On 23 Sep 1790, Mozart left Vienna for Frankfurt with the violinist Franz de Paula Hofer, to attend the festivities surrounding the election and coronation of Leopold II as Holy Roman Emperor. The pair arrived in Frankfurt on 28 Sep. On Fri, 15 Oct, several days after the coronation, Mozart gave a concert at 11 in the morning in the city’s theater, the Komödienhaus, which had been completed in 1782 (see our entry for 2 Aug 1783). Participating in the concert with Mozart were soprano Margarethe Luisa Schick (see our entry for 1 May 1791) and castrato Francesco Ceccarelli, both at that time members of the court music establishment in Mainz. The concert seems to have been something of a disappointment, with poor turnout and meager proceeds (on Mozart’s Frankfurt concert, see Glatthorn 2017, here esp. 105–10). Mozart departed Frankfurt soon after, arriving in Mainz by 17 Oct. On Wed, 20 Oct, Mozart performed in a concert in the Akademiesaal at the Electoral Palace in Mainz, again with Ceccarelli, and now with the soprano Franziska Josepha Hellmuth, who was a member of both the Mainz Hofkapelle and of the city’s Nationaltheater.

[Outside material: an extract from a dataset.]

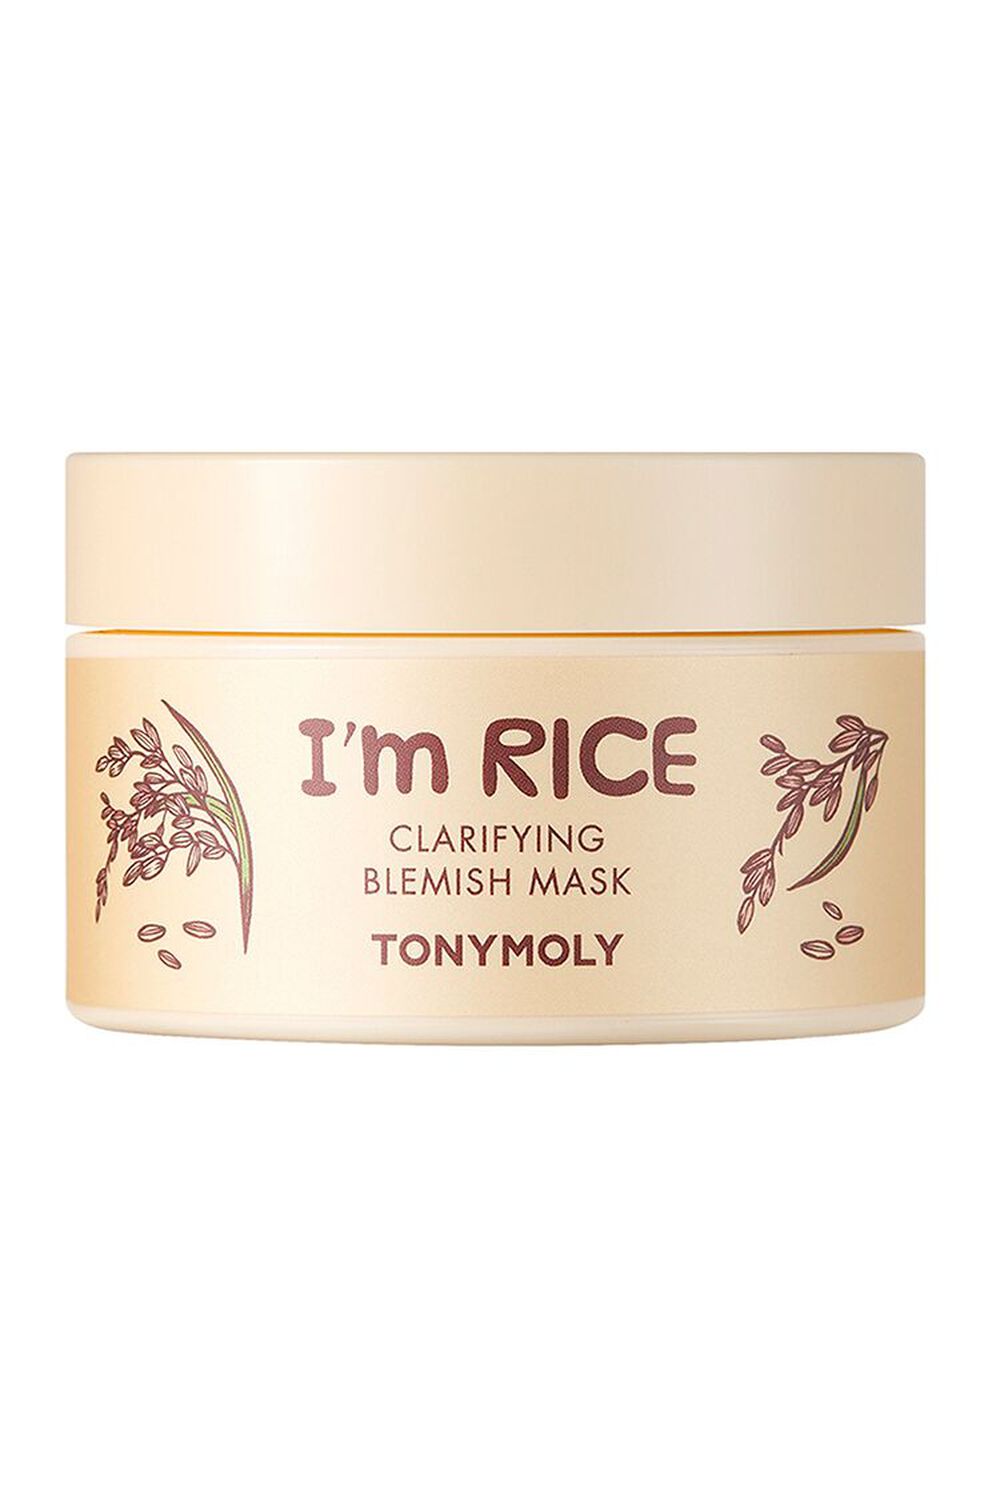 TONYMOLY Im Rice Clarifying Blemish Mask, image 1

Kurmainzischer Kalender 1790, 118

Kurmainzischer Kalender 1790, 119

Kurmainzischer Kalender 1790, 120

Hof- und Kammermusik,
Kurmainzischer Hof- und Stats-Kalender, 1790, 118–20

This list shows Vincenzo Righini as court music director, and Franziska Josepha Hellmuth, Margarethe Luisa Schick, and Francesco Ceccarelli as sopranos. The orchestra at Mozart’s performance on 20 Oct 1790 would have been drawn from the list of instrumentalists shown here.

Mozart mentions the Mainz concert in a letter to his wife sent from Mannheim on 23 Oct 1790:

— ich habe den Tag vor meiner Abreise beym Churfürsten gespielt, aber magere 15 Carolin erhalten — [Briefe, iv:119]
— On the day before my departure [from Mainz] I played at the Elector’s, but received a meagre 15 Carolin —

The concert in Mainz was also reported on 21 Oct 1790 in the Privilegierte Mainzer Zeitung (Dokumente, 331). The previously unknown participation of Ceccarelli and Hellmuth is documented in the recently discovered travel diary of Count Franz Joseph von Zierotin (1772–1845), who had attended the Frankfurt coronation as a page-boy for the Bohemian delegation, and was in Mainz on the day of Mozart’s performance (on Zierotin, see our entries for 20 Oct and 22 Oct 1790).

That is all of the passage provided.